Barney pushed up the grille as Maccleson had shown him and nudged the outside door with his toe. It fell open easily – Mr Pleming had not locked it – and before him was the enormous
desk, the table covered in green baize, the bay windows and the bookshelves.

The key was already in the cabinet lock. Open. The files, tightly packed, in two drawers: A–L, M–Z.

Barney pulled out the second drawer and began to finger through the paper tabs: there was Maccleson, near the front. Mason, Meyer, Middleton, Moat. Mowbridge – too far. He worked
backwards: Moss, Mortlake, Morrison.

Morrell.

There were four items in the folder. The first was a letter, dated 1950, written by a Mrs E. Carr on behalf of Morrell’s mother. On his last visit home, Ivor had reacted to news that his
family had been forced to let go of a much loved footman with violent fury and tears “befitting a snubbed schoolgirl”. She thought the Headmaster might like to know in case the boy
showed signs of “continued disturbance” when he returned. Mrs Carr went on to say that Mrs Morrell respected the Headmaster’s decision not to grant her son’s request for a
change of personal tutor. She had every faith in Mr Swift and was sure that the boy would come to appreciate his guidance.

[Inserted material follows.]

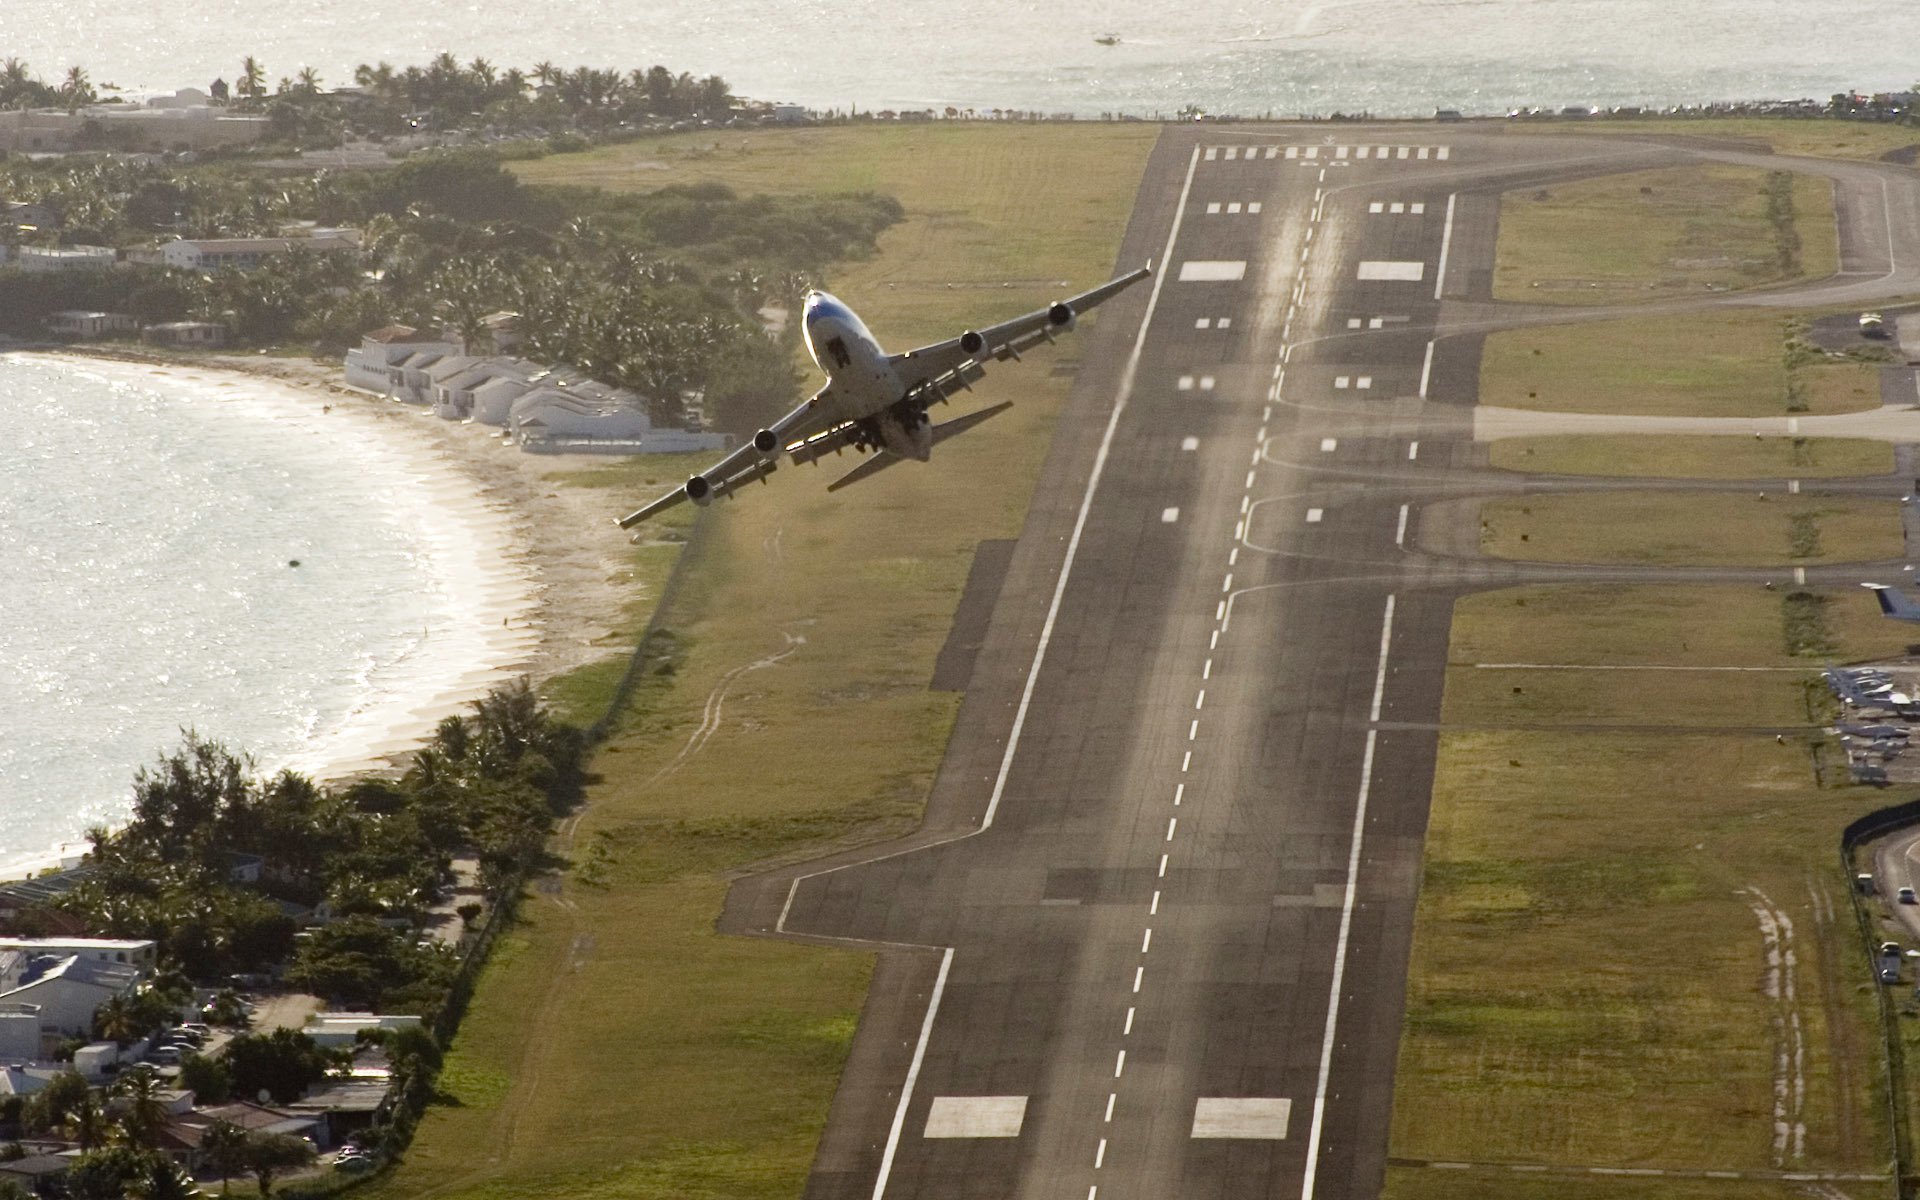 боинг klm airfrance аэропорт пассажирский самолёт взлётная полоса впп остров море океан

The next item was a typed complaint, dated 1952, by the parents of a boy who claimed to have come under attack by a senior pupil. Another boy reported to have been witness to the scene was
believed to have lost a watch in a scuffle that followed, although there was no mention of his name. “H. Cray lost a portion of one ear,” someone had written under a section headed
“Details”. There had been hope that the doctors might be able to reattach the missing piece, but it had never been found.

Last were two photographs of a damaged ear: one taken side-on, so that a ridge of teeth marks stood out clearly against dark hair, the skin still blistered and swollen around the stitches; the
other from the front, so that the chewed-down ear was barely visible.

There was a thud from the elevator shaft, followed by the echo of voices. Barney returned the folder and turned the key in the cabinet lock. He climbed into the dumb waiter head first, so that
by the time Maccleson released the grille all they could see was the hunch of his spine. His reappearance was greeted by disappointed grunts. He wondered how many of the senior boys had hoped that
he might have been caught, after all.

“So,” said Maccleson, “Did you enjoy that?”

“Not half dark in there.”

“Once you could go all the way down to the basement.”

Barney waited for Robin to finish sweeping out the grate before they both thanked Maccleson and excused themselves.

“Well?” said Robin when they were in the corridor.

“You were there when he bit Cray’s ear off?”

By the way he paled, Robin clearly had not expected this. “It said that?”

“It said someone lost a watch.”

“And?”

“And he asked for a change of tutor. That’s not news: I know Morrell hates Swift.”

“Well, excuse me for trying. I thought you ought to know you’re friends with a maniac.” Robin clattered down the stairs. “If you think he’s got nothing else to
hide, why don’t you ask him yourself?”

~

Barney found Krawiec closing up the potting sheds as dusk was starting to fall.

“You should be inside,” said the groundsman, not looking up as he rattled at the lock.